Here the agent is an external actor. Its tools are wrappers over public APIs:
# The agent's tools call public APIs
tools = [
MCPTool(
name="get_order_status",
endpoint="https://orders.internal/api/orders/{id}",
method="GET"
),
MCPTool(
name="cancel_order",
endpoint="https://orders.internal/api/orders/{id}/cancel",
method="POST"
),
MCPTool(
name="process_refund",
endpoint="https://payments.internal/api/refunds",
method="POST"
),
]
The agent knows nothing about the internal implementation of Orders or Payments. It only knows their public contracts.
Advantages:
- Total decoupling
- The agent can evolve independently
- Same security/authorization policies as any other client
- Easy to replace or scale
Architectural Implications
Coupling
If you give the agent direct access to domain services or repositories, you’re coupling your internal implementation to the agent’s behavior. Every internal refactor can break the tools.

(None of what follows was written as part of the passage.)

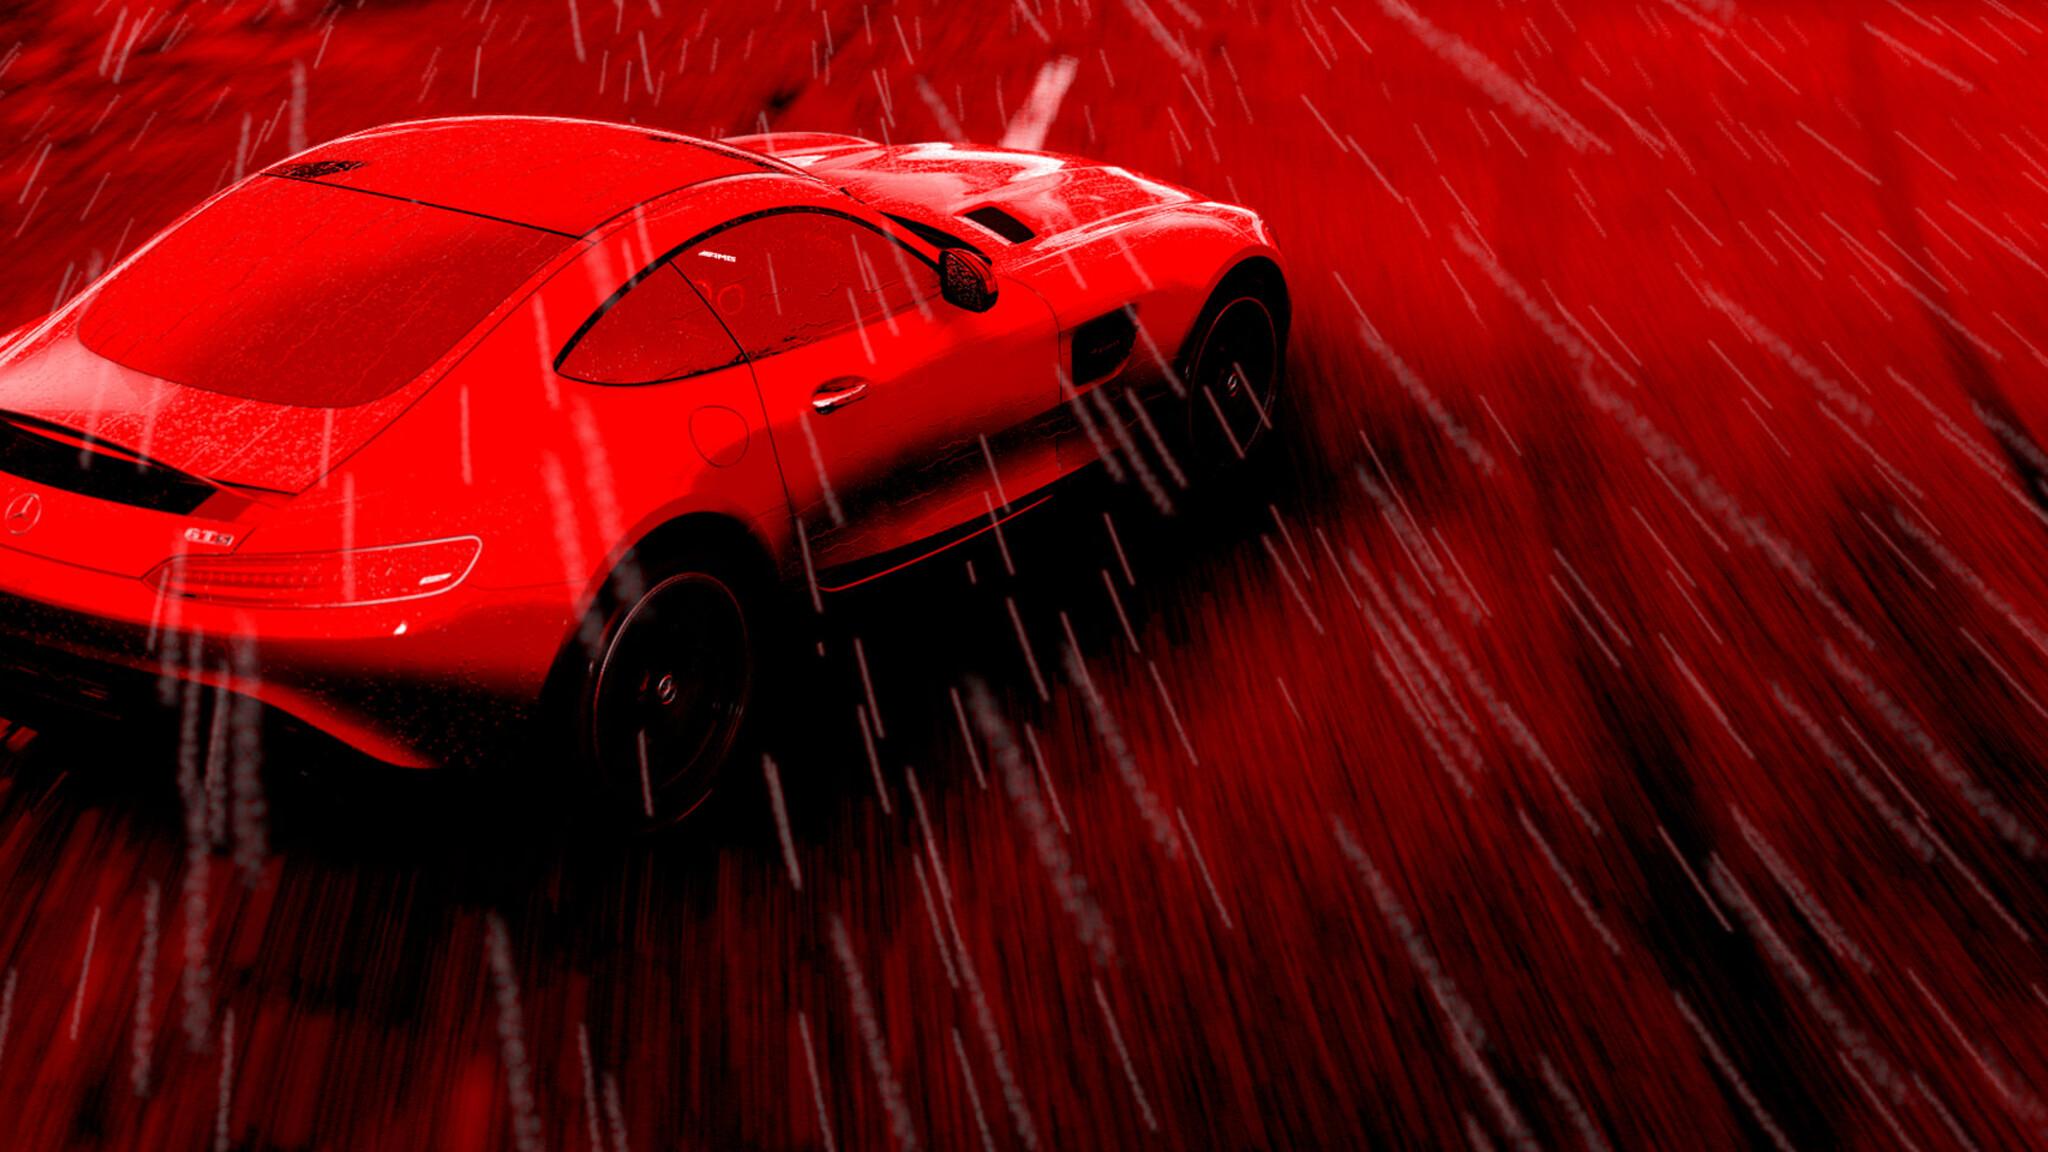 driveclub-mercedes-benz-amg-img.jpg

If the agent uses public interfaces (whether HTTP APIs or command/query buses), you can evolve the internals without affecting it.
Testing
With Pattern 1, you test the adapter like any other adapter: mocking the HTTP client.
With Pattern 2, you have two levels of testing:
- Agent tests: mock the tools and verify the agent makes the right decisions
- Integration tests: verify the tools work against the real APIs
def test_agent_creates_customer_when_validation_passes():
# Arrange
mock_tools = {
"check_customer_exists": lambda id: None, # Doesn't exist
"validate_tax_id": lambda tax_id: {"valid": True},
"create_customer": Mock()
}
agent = OnboardingAgent(llm=mock_llm, tools=mock_tools)
# Act
agent.run(OnboardingRequest(company_name="Acme", tax_id="B12345678"))
# Assert
mock_tools["create_customer"].assert_called_once()
When to Use Each Pattern
Use LLM as infrastructure when:
- You need a specific capability: summarize, classify, extract, generate
- The flow is predefined in your code
Use Agent as actor when:
- The agent decides what actions to take
- It needs to query state and execute commands
- The flow is not predictable in advance
And within Pattern 2:
- Scoped variant if the agent operates within a single bounded context
- Broad variant if it needs to orchestrate multiple services
Conclusion
Next time you integrate AI into your application, ask yourself: who has control of the flow?
If your code orchestrates and the LLM just responds, it’s infrastructure. Treat it as an adapter.
If the agent decides what to do, it’s an actor. Treat it as you would treat any other consumer of your system: through public interfaces and well-defined contracts.
An agent is not an implementation, it’s an actor that interacts with our system.